YOUR TASK: For this exercise, output the entries below exactly from the line that holds "Second Remastered Version" to the line that holds "WASHINGTON, DC - JULY", both ends included. No pictures belong in the copy.

EXTRACTED MATERIAL:
-.-.-
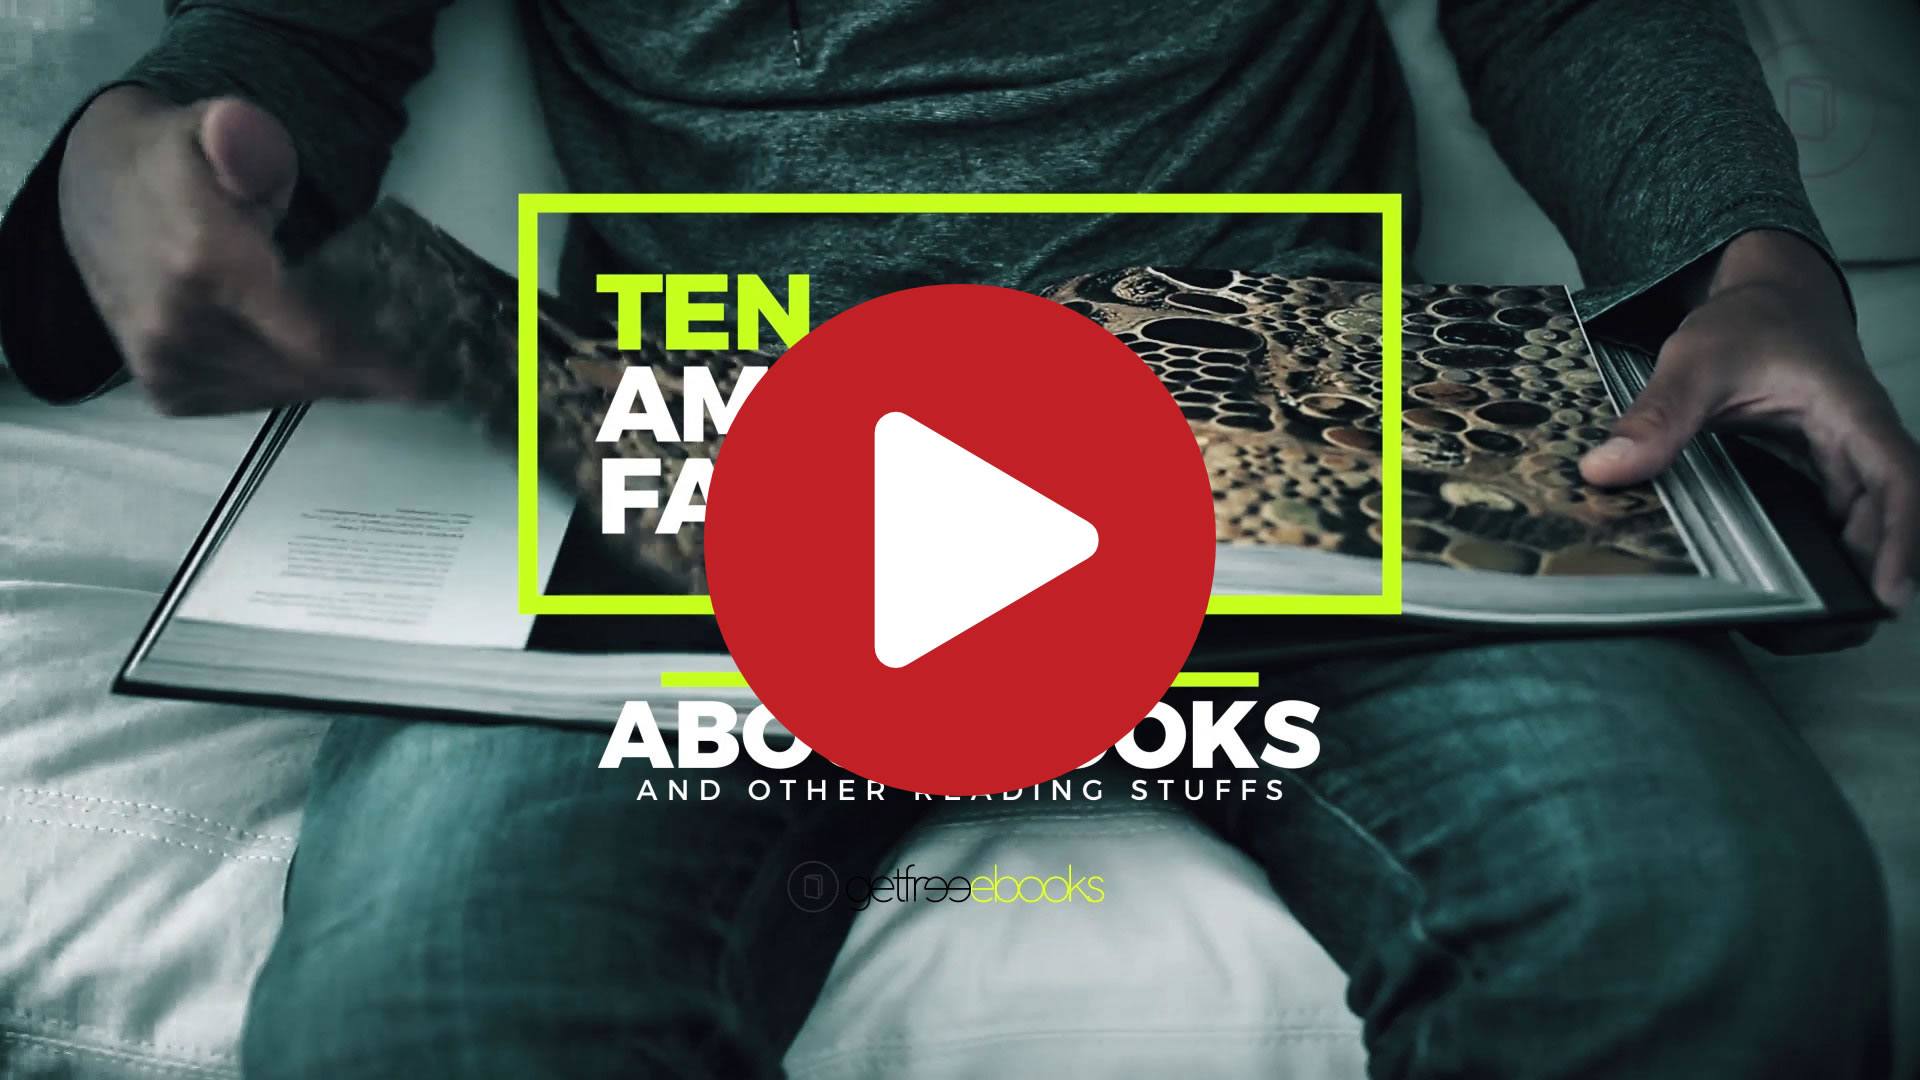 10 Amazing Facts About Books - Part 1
-.-.-
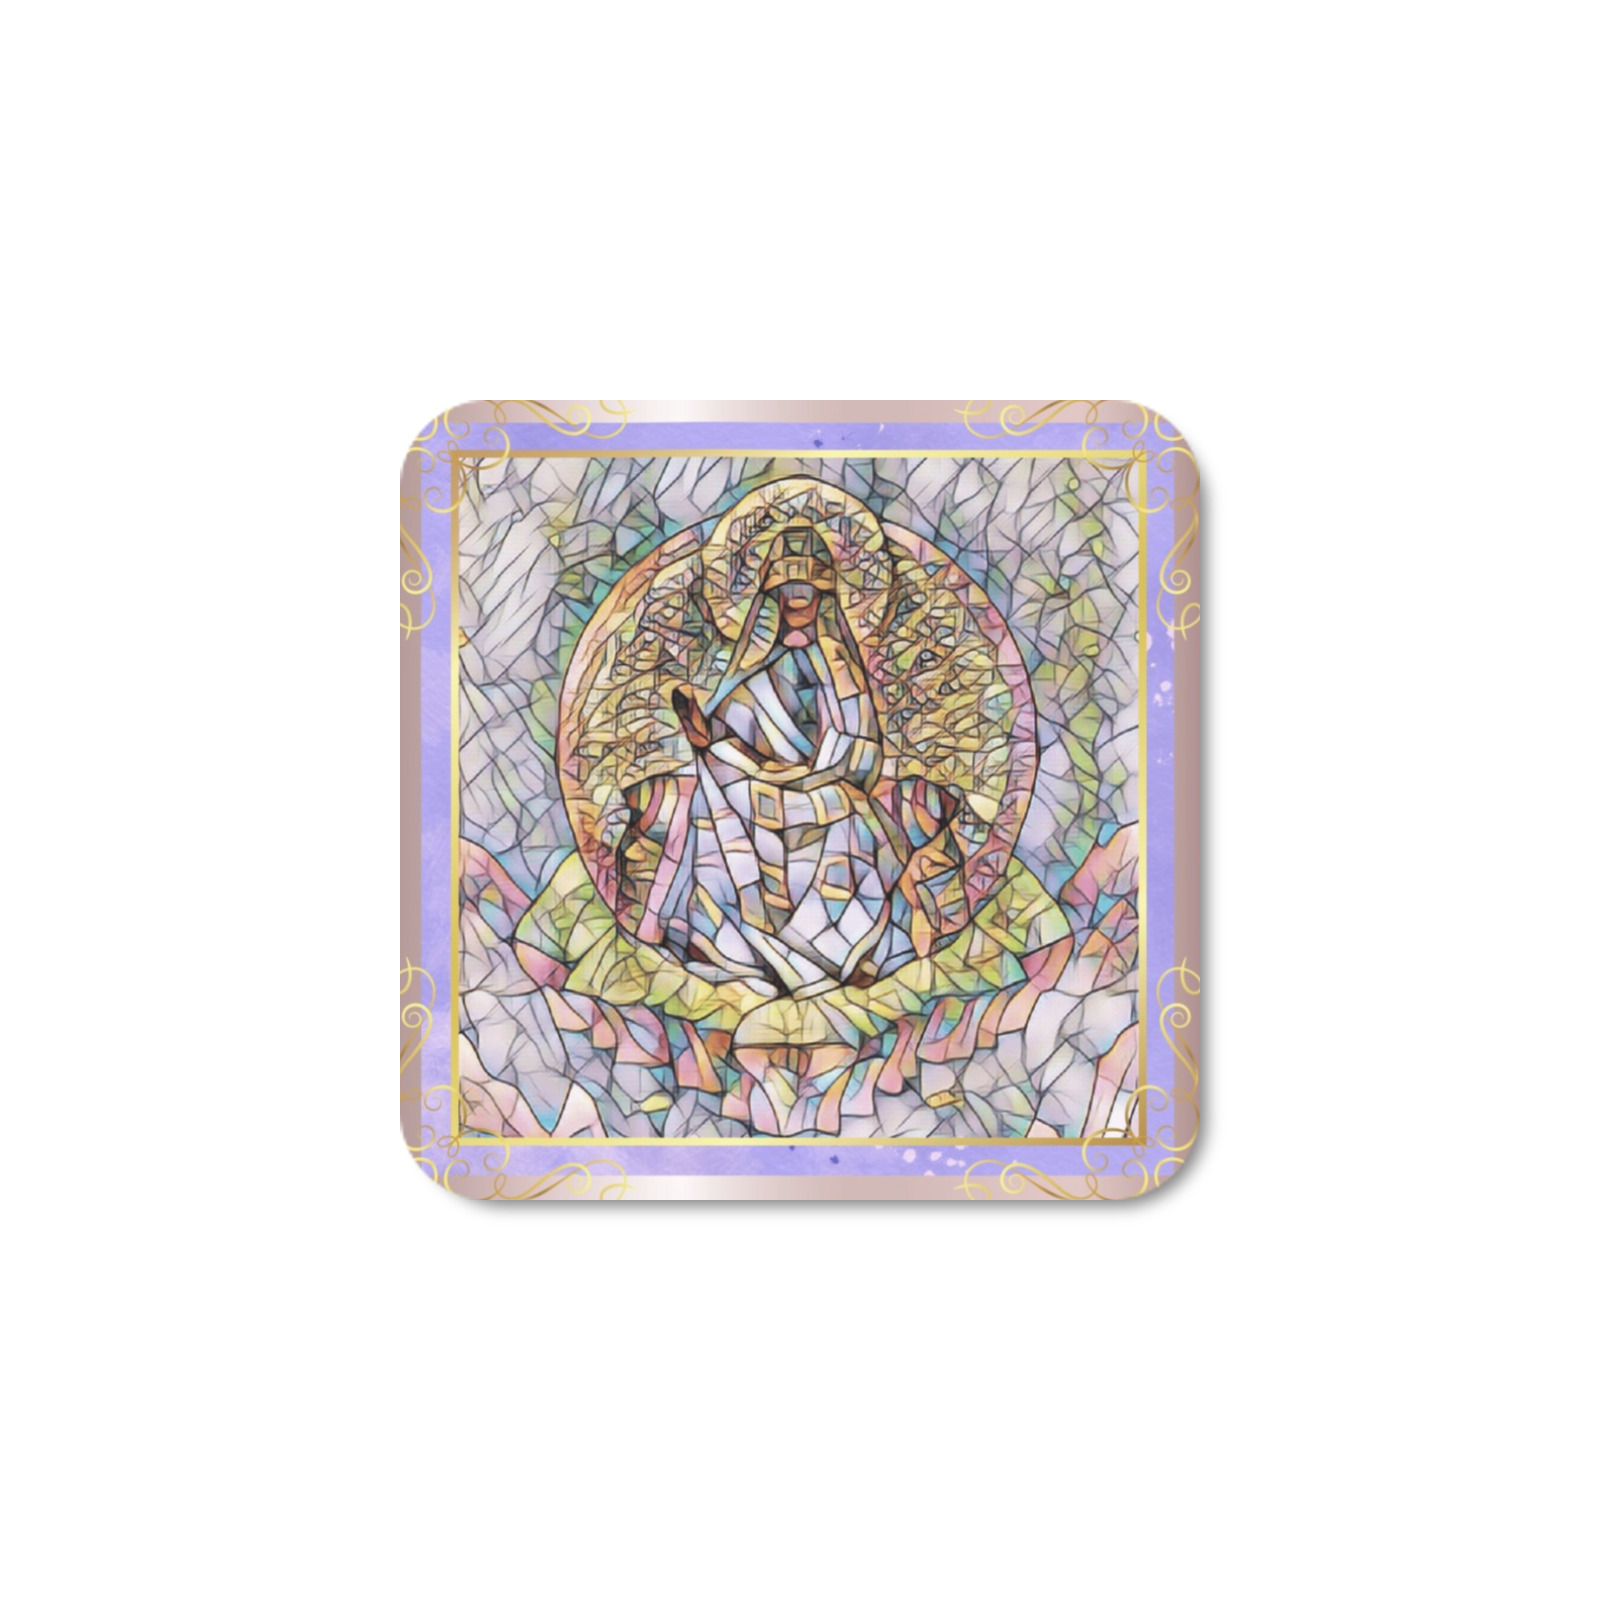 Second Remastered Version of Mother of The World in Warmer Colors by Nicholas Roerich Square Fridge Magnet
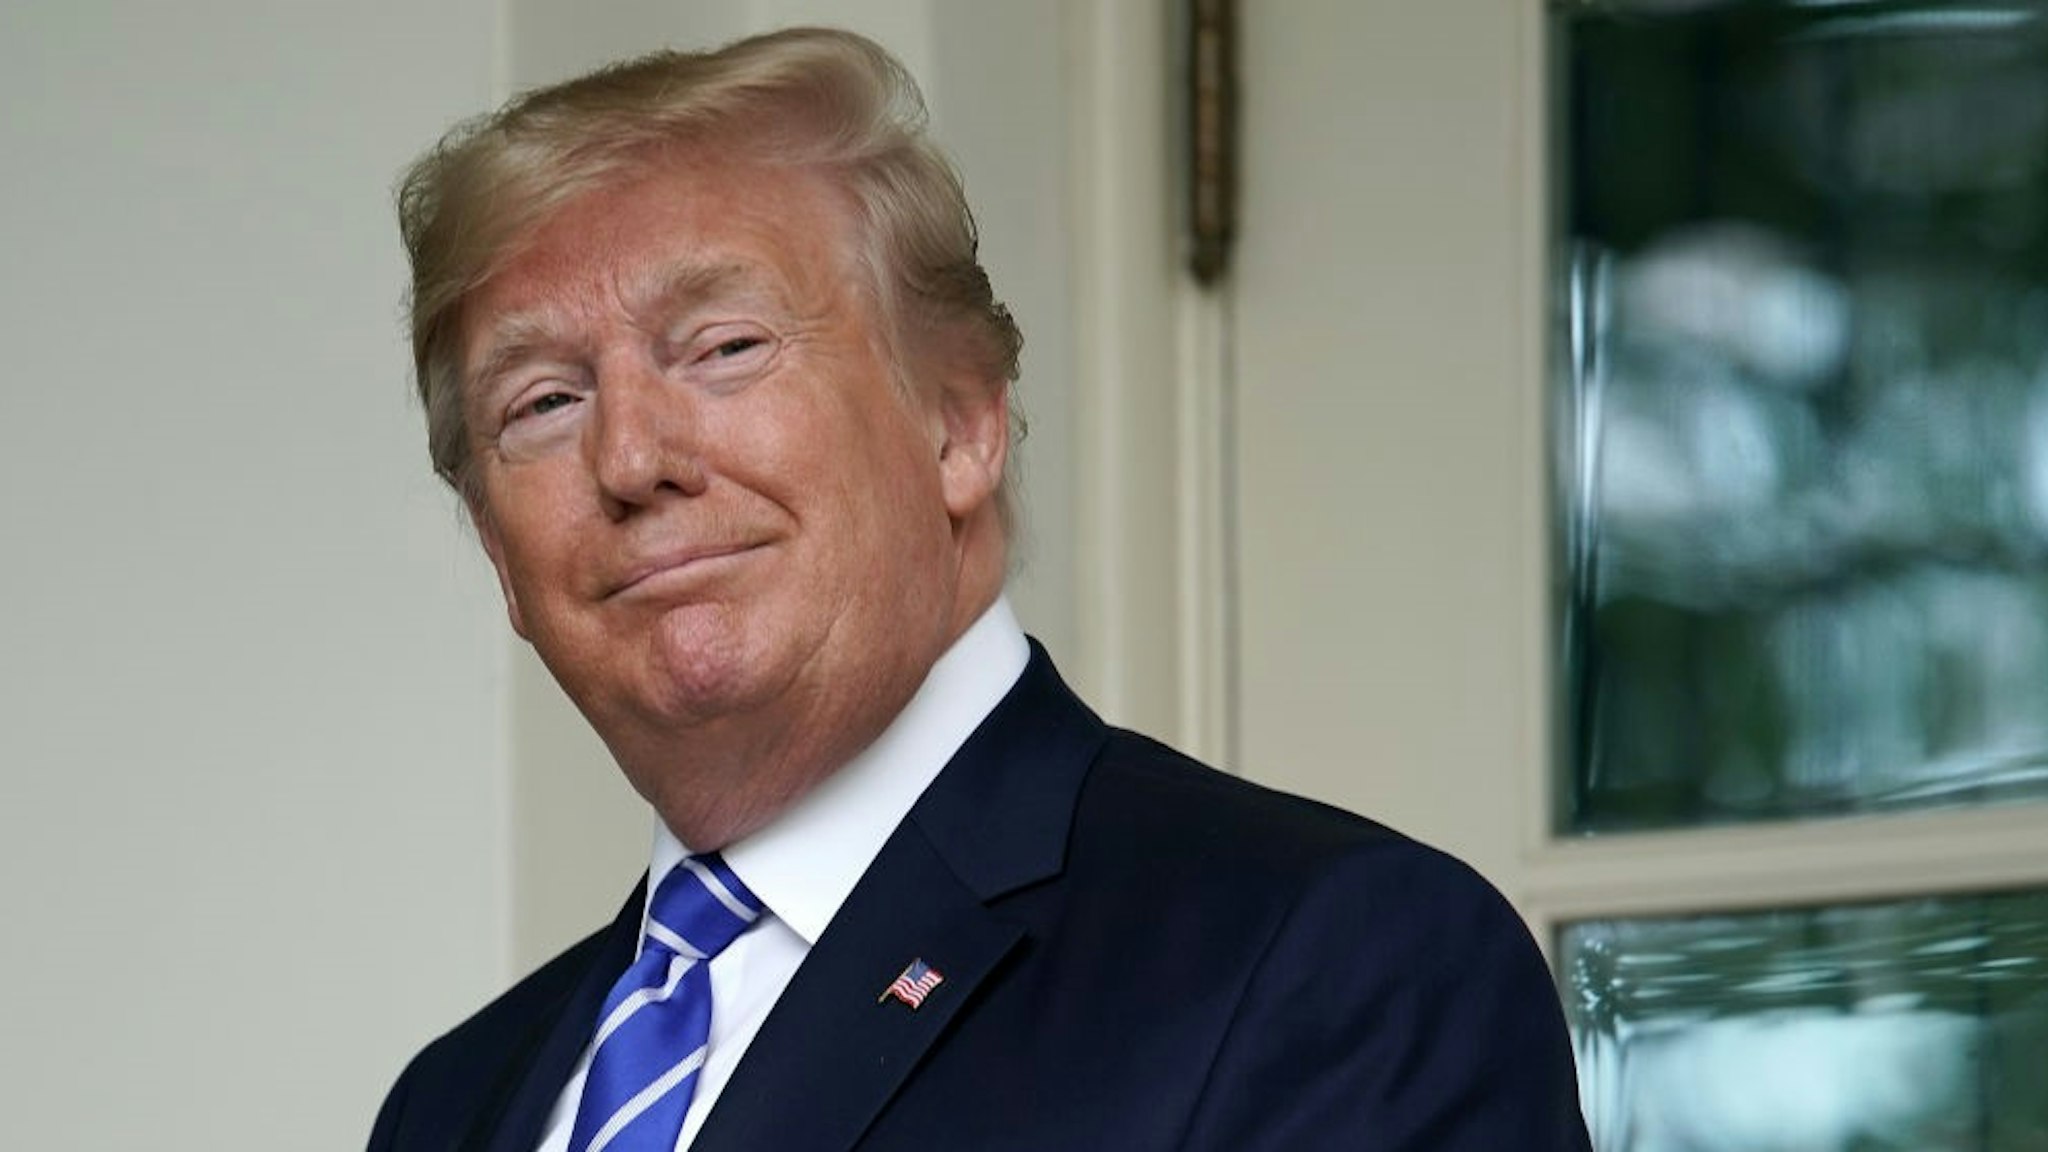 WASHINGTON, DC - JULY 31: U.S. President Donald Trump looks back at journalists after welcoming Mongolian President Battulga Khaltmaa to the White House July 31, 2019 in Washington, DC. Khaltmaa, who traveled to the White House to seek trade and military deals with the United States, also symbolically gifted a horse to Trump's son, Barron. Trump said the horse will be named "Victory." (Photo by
-.-.-
SOLUTION TO THIS PROBLEM:
 Second Remastered Version of Mother of The World in Warmer Colors by Nicholas Roerich Square Fridge Magnet
 WASHINGTON, DC - JULY 31: U.S. President Donald Trump looks back at journalists after welcoming Mongolian President Battulga Khaltmaa to the White House July 31, 2019 in Washington, DC. Khaltmaa, who traveled to the White House to seek trade and military deals with the United States, also symbolically gifted a horse to Trump's son, Barron. Trump said the horse will be named "Victory." (Photo by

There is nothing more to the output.